(What is being asked): Look for the word "Case" in the data below, and copy every line that holds it.
───── Given records
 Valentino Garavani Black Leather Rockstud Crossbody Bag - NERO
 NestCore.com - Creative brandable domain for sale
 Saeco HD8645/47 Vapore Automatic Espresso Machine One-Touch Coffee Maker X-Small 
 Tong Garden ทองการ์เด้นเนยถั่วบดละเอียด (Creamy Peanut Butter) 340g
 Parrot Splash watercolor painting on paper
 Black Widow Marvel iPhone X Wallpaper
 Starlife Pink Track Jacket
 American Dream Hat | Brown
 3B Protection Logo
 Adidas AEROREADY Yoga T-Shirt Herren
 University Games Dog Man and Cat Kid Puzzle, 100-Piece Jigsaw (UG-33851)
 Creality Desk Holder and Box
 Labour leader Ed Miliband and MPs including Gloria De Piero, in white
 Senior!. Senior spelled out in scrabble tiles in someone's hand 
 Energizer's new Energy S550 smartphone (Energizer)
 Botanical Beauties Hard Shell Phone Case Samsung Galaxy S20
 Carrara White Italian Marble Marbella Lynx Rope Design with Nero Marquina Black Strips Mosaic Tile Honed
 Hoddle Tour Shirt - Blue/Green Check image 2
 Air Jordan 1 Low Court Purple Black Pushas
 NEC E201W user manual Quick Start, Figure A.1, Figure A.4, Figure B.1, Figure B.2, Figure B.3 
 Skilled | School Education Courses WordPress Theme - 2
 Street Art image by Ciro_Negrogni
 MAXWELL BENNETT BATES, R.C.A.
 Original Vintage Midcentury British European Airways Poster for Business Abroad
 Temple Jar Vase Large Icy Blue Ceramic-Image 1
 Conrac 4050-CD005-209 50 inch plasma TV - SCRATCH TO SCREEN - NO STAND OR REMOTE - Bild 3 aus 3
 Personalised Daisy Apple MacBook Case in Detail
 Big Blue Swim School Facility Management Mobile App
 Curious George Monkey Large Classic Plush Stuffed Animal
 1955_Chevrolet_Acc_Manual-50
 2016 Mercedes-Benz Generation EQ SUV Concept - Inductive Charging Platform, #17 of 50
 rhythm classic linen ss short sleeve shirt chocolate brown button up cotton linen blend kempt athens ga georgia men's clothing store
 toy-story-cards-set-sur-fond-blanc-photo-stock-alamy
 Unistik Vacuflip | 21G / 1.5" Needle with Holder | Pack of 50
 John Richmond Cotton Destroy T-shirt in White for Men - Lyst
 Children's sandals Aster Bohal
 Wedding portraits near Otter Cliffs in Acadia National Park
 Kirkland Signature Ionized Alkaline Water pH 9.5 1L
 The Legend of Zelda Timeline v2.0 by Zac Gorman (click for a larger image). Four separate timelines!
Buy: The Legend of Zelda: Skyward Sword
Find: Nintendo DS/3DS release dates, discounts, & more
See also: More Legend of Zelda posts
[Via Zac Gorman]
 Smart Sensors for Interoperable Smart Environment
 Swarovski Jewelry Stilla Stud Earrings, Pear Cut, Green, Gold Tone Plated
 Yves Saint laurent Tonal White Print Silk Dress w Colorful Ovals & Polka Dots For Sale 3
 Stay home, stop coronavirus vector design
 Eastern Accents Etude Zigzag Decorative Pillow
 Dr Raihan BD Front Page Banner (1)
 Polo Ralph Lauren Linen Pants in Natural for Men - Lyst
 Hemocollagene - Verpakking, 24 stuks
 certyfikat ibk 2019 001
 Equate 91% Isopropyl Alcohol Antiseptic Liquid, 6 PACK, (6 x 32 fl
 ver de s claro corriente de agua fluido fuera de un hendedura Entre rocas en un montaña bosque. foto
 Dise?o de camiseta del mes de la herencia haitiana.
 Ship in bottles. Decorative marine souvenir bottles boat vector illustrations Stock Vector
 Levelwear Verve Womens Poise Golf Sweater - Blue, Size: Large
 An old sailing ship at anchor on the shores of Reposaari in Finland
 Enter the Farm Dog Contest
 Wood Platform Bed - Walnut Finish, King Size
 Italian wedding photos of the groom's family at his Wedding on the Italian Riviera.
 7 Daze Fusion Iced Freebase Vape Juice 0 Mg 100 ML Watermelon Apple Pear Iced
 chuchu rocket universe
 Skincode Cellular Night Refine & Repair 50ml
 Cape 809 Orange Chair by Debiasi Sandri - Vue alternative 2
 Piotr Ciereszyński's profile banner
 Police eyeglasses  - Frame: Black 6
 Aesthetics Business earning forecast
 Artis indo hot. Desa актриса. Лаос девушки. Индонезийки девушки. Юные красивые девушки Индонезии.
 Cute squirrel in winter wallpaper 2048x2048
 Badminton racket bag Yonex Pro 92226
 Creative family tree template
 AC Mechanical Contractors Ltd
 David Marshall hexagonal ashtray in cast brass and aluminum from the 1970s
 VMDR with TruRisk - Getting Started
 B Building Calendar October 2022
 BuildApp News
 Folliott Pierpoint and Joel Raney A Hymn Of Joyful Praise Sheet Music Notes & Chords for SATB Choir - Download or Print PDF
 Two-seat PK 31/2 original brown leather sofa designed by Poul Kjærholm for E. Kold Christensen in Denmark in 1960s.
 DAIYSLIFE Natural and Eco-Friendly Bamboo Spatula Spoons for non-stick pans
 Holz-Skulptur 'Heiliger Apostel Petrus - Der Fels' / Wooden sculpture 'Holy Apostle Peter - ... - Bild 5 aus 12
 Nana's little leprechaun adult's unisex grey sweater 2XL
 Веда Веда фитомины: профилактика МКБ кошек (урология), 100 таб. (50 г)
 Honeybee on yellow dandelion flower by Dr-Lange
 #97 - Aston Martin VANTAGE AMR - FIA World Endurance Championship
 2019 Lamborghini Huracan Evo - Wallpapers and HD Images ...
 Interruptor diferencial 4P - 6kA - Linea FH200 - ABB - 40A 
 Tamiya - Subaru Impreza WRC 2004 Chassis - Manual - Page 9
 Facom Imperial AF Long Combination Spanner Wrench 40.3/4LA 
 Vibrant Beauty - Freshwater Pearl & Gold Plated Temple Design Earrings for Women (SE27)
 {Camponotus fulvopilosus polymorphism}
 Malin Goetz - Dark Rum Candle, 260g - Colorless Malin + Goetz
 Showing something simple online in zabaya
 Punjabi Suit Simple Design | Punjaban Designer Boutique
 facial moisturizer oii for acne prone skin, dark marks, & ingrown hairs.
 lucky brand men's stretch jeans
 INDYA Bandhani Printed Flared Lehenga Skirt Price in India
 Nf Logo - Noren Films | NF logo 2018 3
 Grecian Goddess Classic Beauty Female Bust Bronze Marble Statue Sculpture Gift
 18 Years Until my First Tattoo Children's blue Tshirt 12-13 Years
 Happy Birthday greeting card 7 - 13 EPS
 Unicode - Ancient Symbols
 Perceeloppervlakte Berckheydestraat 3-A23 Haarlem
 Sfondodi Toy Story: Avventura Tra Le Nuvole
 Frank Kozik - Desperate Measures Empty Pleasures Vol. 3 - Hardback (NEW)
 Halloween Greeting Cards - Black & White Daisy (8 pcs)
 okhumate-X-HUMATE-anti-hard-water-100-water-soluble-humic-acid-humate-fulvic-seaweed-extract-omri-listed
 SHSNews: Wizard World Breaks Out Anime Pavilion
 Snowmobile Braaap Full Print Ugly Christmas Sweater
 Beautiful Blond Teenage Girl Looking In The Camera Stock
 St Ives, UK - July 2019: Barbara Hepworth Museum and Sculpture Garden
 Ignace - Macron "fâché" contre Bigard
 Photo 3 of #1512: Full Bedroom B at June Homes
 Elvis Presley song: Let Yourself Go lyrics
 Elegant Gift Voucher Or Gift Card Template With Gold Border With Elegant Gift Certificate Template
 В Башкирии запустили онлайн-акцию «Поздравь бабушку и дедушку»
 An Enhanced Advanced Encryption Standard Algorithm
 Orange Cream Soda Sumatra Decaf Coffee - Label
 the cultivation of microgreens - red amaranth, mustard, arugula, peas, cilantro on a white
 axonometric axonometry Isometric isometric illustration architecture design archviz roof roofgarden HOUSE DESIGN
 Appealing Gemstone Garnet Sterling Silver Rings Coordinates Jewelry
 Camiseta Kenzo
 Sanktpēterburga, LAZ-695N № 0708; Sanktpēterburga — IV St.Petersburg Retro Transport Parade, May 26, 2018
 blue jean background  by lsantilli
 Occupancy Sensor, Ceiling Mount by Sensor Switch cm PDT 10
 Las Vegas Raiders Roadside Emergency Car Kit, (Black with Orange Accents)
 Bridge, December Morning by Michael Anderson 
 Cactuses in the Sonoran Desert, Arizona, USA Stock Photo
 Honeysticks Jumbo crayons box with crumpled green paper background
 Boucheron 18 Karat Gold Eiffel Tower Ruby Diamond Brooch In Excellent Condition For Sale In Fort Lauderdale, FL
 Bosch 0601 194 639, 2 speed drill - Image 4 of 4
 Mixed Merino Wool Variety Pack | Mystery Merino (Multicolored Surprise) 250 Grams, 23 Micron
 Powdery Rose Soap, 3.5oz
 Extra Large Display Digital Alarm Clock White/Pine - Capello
──────────
(Answer to the problem):
 Botanical Beauties Hard Shell Phone Case Samsung Galaxy S20
 Personalised Daisy Apple MacBook Case in Detail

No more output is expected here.